Search code examples
linuxawksedgrep

Extract a part of a line from a log file


What is the fastest way to extract a substring of interest from input such as the following?

MsgTrace(65/26)noop:user=xxx=INBOX:cmd=534
ImapFetchComplete(56/39)user=xxxxxxxxxx

Desired output (i.e., the :-terminated string following the string MsgTrace(65/26) in this example):

noop

I tried the following, but without success:

egrep -i "[a-zA-Z]+\(.*\)[a-z]+:"

Solution

  • grep by default returns the entire line when a match is found on a given input line.

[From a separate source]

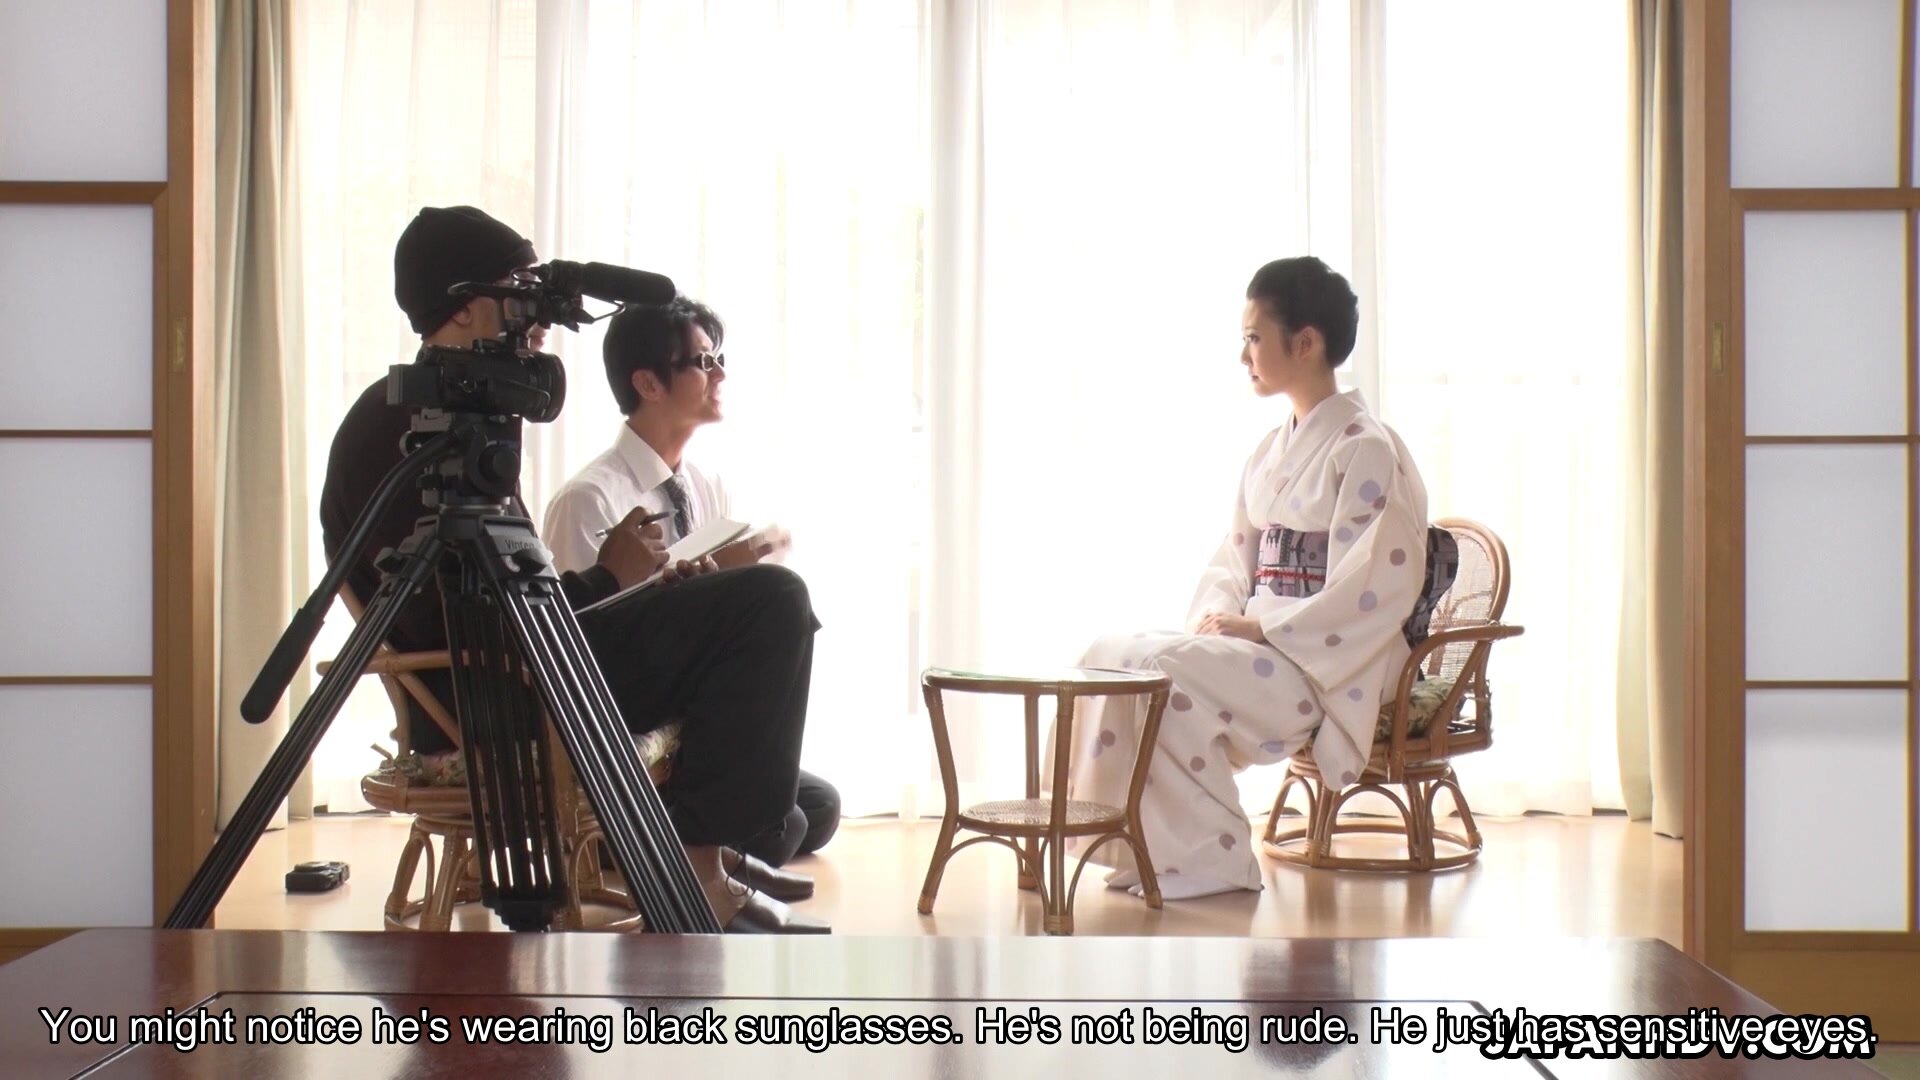 Yui Watanabe is interviewed by a black man today in her kimono

    While option -o restricts the output to only that part of the line that the regex matched, that is still not enough in this case, because you want a substring of that match.

    However, since you're on Linux, you can use GNU grep's -P option (for support of PCREs, Perl-compatible regular expression), which allows extracting a submatch by way of features such as \K (drop everything matched so far) and (?=...) (a look-ahead assertion that does not contribute to the match):

    $ grep -Po  "[a-zA-Z]\(.*\)\K[a-z]+(?=:)" <<'EOF'
    MsgTrace(65/26)noop:user=xxx=INBOX:cmd=534
    ImapFetchComplete(56/39)user=xxxxxxxxxx
    EOF
    noop  # output
    

    Optional background information:

    Ed Morton points out (in a since-deleted comment) that GNU grep's man page still calls the -P option "highly experimental" that may "warn of unimplemented features", but the option has been around for years, and in practice I have yet to see a warning or a performance problem - YMMV.

    In the case at hand, the above command even outperforms sed and awk solutions - see NeronLeVelu's helpful performance comparison.

    The interesting article Ed points to discusses a potential performance problem that can surface with regex engines such as used by grep -P (via the PCRE library), Perl itself, and many other widely used (and mature) regex engines, such as in Python, Ruby, and PHP:

    • In short: the recursive backtracking algorithm employed by these engines can result in severe performance degradation with "pathological" regexes that string together long sequences of subexpressions with variable-length quantifiers, such as (a longer version of) a?a?a?a?aaaa to match aaaa.
    • The article argues that backtracking is only truly required when a regex contains backreferences, and that a different, much faster algorithm should be employed in their absence.